Statistical Significance Testing

Statistical significance was determined between all pairs of classifiers, weighting schemes, and feature spaces within a particular disease. Significance was determined using approximate randomization following Chinchor (1992) and Noreen (1989). Approximate randomization involves generating N pseudo-systems and comparing the difference in performance between these pseudo-systems with the difference in performance of the actual systems. Given two systems for comparison such as system A and system B, pseudo-system A’ and pseudo-system B’ are generated by randomly swapping approximately 50% of system A's document level predictions with the corresponding predictions made by system B. The performance of A’ is then compared to B’. We keep track of the number of times (n) the difference in pseudo-system performance is greater than the difference in actual system performance. If (n + 1) / (N + 1) is greater than a cutoff alpha, then we can consider the difference in systems performance to be explained by chance. Intuitively, if system A and system B are not different, then swapping 50% of their system output should have little impact on system A or system B's performance. If system A's performance is significantly better than system B's performance then swapping 50% of their system output should, on average, make system A worse and system B better. By comparing the actual system difference, to the average pseudo-system difference we can get a sense of whether or not the difference in performance between the two systems is significant.
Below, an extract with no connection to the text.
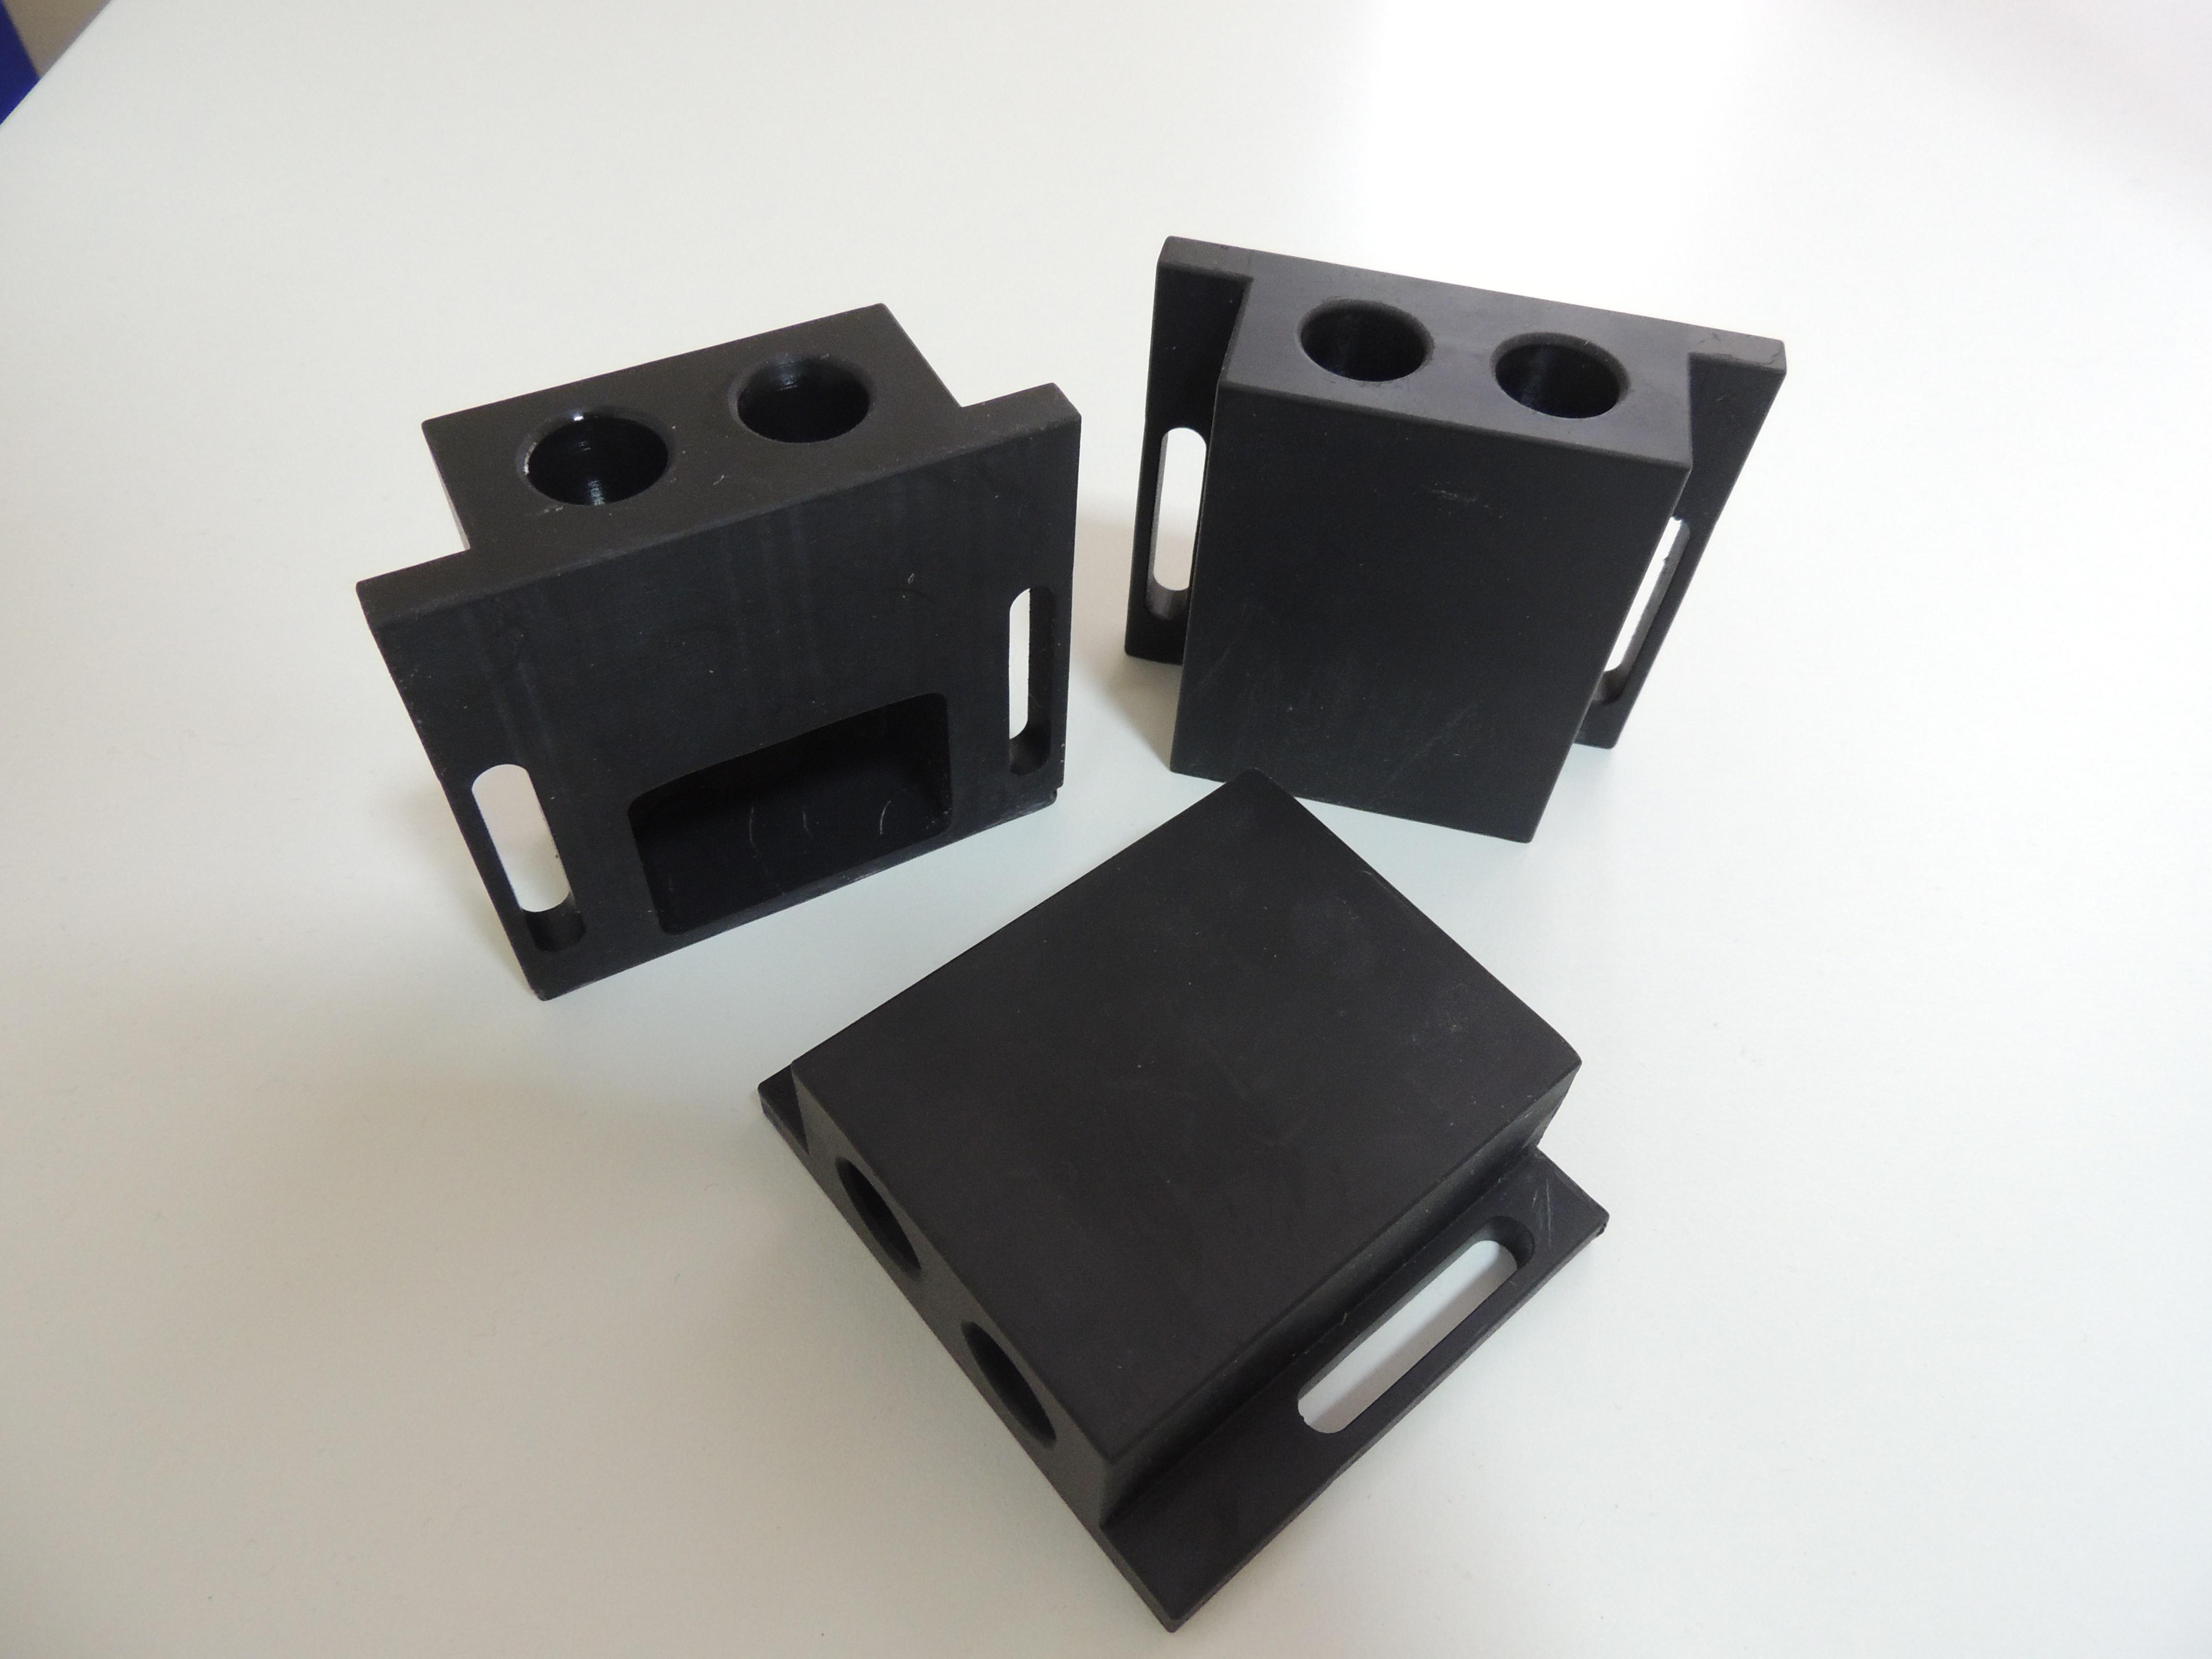 3D Printing Limburg | https://www.3dprintinglimburg.nl/files/afbeeldingen/portfolio/AfsluitschuifCropped.jpg

For this study we used an N = 9,999 and report cut-off values of alpha at 0.1 and alpha at 0.05. These values are consistent with with both the current and previous i2b2 NLP challenges (Stubbs et al., 2015; Uzuner, Luo, & Szolovits, 2007).

Robustness Checks

Once the best performing models in each disease class were identified, robustness checks were run to ensure the task was sufficiently complex to warrant statistical classifiers of this nature. The top performing model for each disease was re-trained on the corpus that provided the best performance, using the same baseline or combined feature space, without weighting (i.e., binary presence or absence of minimally normalized, lexically normalized and/or CUI tokens) and then evaluated on the test set. To determine if rule-based approaches were sufficient to achieve comparable performance, decision tree classifiers with a maximum tree depth of three were evaluated on the corpus and binary feature space of the top performing model for each disease. In the case of both unweighted SVMs and decision tree classifiers, performance was statistically significantly worse than the weighted SVM for all diseases.

Results

The following tables contain F1 measure results for all models on the 2014 i2b2/UTHealth test set with document-level binary outcome variables for diseases. There is a separate table for each of the five diseases: obesity, CAD, hypertension, hyperlipidemia, and diabetes. Each row represents the combination of an SVM classifier labeled by its kernel (RBF, Linear), the vector weighting scheme (tf-idf, count) and the feature space (Min, Lex, CUI, Min & Lex, Min & CUI, Lex & CUI, Min, Lex & CUI). F1 measures for models trained on the 2008, 2014, and combined 2008/2014 data are reported in the ‘2008’, ‘2014’ and ‘Combined 2008/2014’ columns, respectively. The percentage change in F1 measure for each model, between each training data, is also reported in the “% Change 2008, 2014”, “% Change 2008, Comb.”, and “% Change 2014, Comb” columns, respectively. These should be read “Percentage change from A to B”. The statistical significance of these changes is marked with an asterisk (“*”) for differences at alpha = 0.1 and two asterisks (“**”) for differences at alpha = 0.05.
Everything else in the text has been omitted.